No student loan exemption in the $ 900 billion incentive bill

Millions of Americans breathed a sigh of relief Monday night as Congress passed a $ 900 billion incentive bill which includes $ 600 checks and the extension of unemployment benefits. But the aid package does not address a financial crisis that is building long before the pandemic strikes: student loan debts.

Starting next month, tens of millions of student loan borrowers will be forced to resume all payments after nearly a year of indulgence.

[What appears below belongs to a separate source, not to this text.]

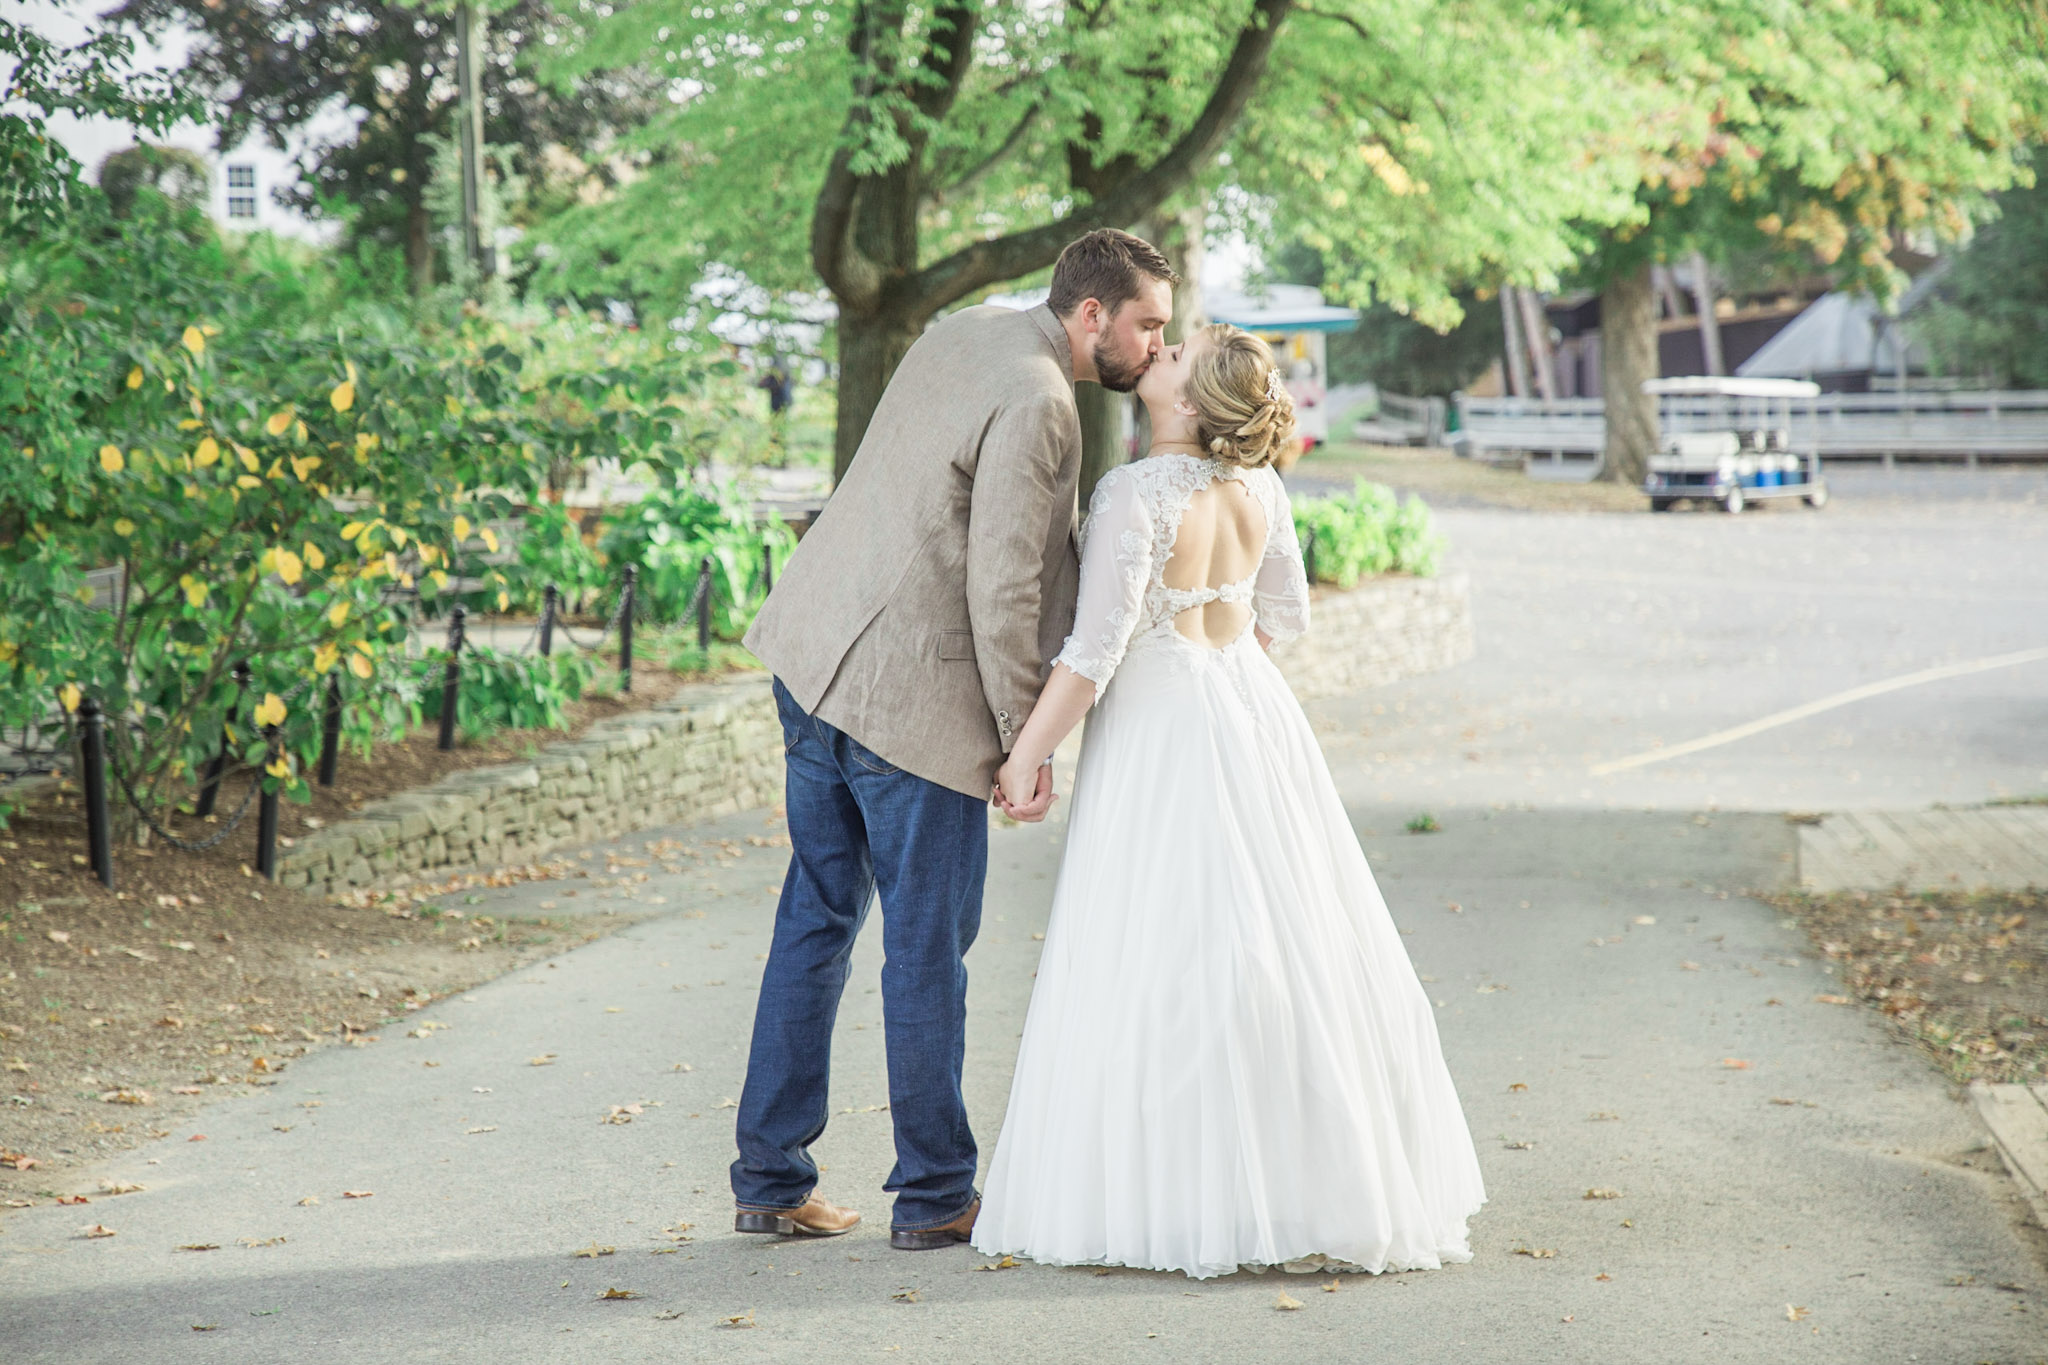 Rhinebeck Wedding, Melindanita Photography

An extension of the grace period was included in previous drafts of the bill, officially known as the Coronavirus Response And Relief Supplemental Appropriations Act, but was cut in the final negotiations.

Student loan debt was a catastrophe approaching the pre-pandemic, but widespread job losses and reduced wages especially among millennials, aggravated the problem. This year, student loan debt reached a record high of nearly $ 1.6 trillion among more than 40 million Americans, according to the Federal Reserve Bank of New York. On average, student loan borrowers have debts between $ 200 and $ 299 each month, according to the Federal Reserve. For many, debt is simply unbearable; about one in five lenders are missing, according to the US Department of Education.

In March, the Department of Education suspended all monthly federal loan payments, granting all borrowers an interest-free tolerance period until October. In August, an executive order from President Trump extended the program until December, and earlier this month, Education Secretary Betsy DeVos extended the grace period until January.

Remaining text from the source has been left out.